Growing up in Turon, Kansas with 3 brothers and 4 sisters, he left home at fifteen to earn his own way. He traveled the mid-west shucking corn for farmers and working a sheep ranch for his future father-in-law. He married his sweetheart before shipping off to France as Army Sergeant in WWII. His platoon was the first wave to land in Normandy Beach on D-Day, where he earned a (Purple Heart.) With pocket bibles gripped and crosses about their necks, Ralph and one comrade were the only two in their platoon, to survive the war and free the frail prisoners in the German concentration camps.
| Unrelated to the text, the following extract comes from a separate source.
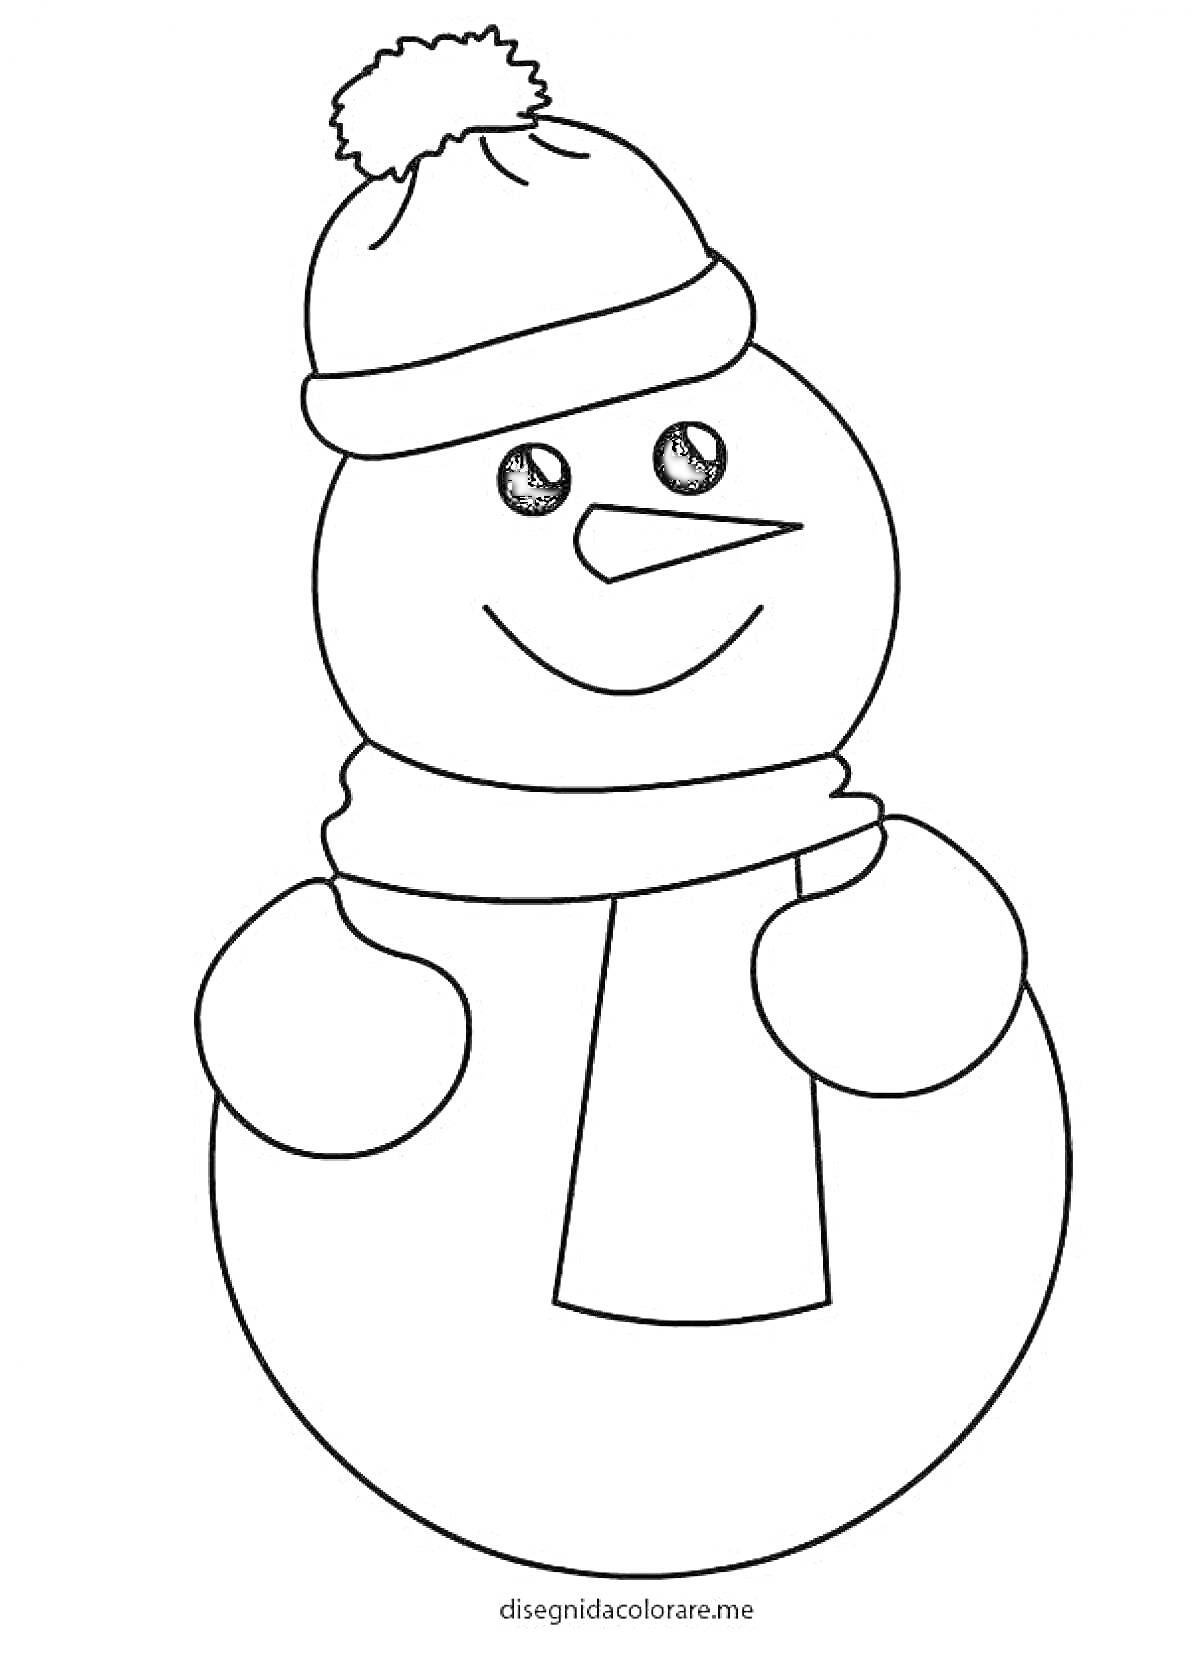 Раскраска Снеговик в шапке с помпоном и шарфом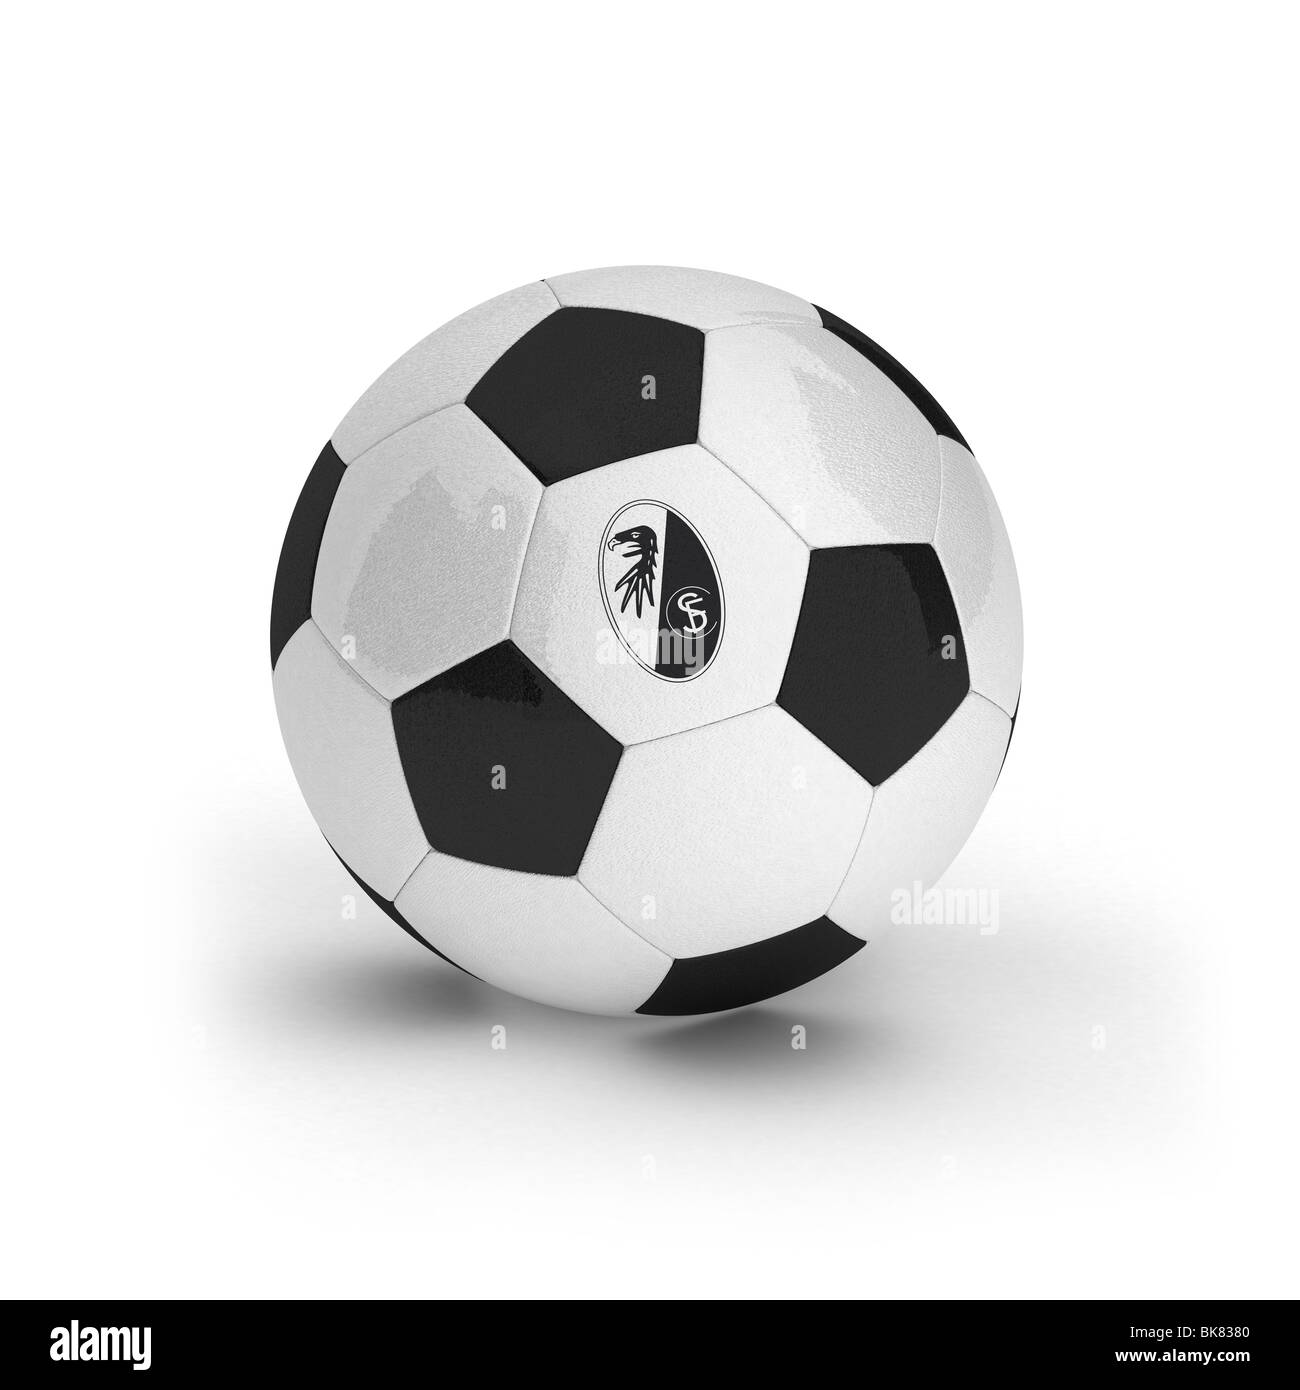 SC Freiburg-Emblem auf einem Fußball Stockfoto

After mining for coal and engineering on the largest steam powered train ever made for Union Pacific, Ralph later heeded the (Call of the Wild,) where he lived out 55 years in Alaskan Territory. His young family of four traveled the rutty road north to help his mother farm in North Pole. After her passing, he opened the (Golden Heart Dairy) and too soon, was forced into bankruptcy by government related buy-outs. Ralph pulled himself up by his boot straps though and later became foreman of the Fort Wainwright Power Plant in Fairbanks, where he retired 20 years later. He and his wife spent many busy weekends at the (Good Paster) cabin; dip netted for salmon on the Copper River and fished Halibut in Homer through the summers. They ice fished the winters away at the lake and traveled to see family in the lower 48 (as Alaskan’s say).

Ralph lost his wife, Jean, his sons Ray & Richard, a granddaughter, two brothers and a sister while he was here on earth. He is survived by three sisters, one brother, four grandchildren & many great grandchildren.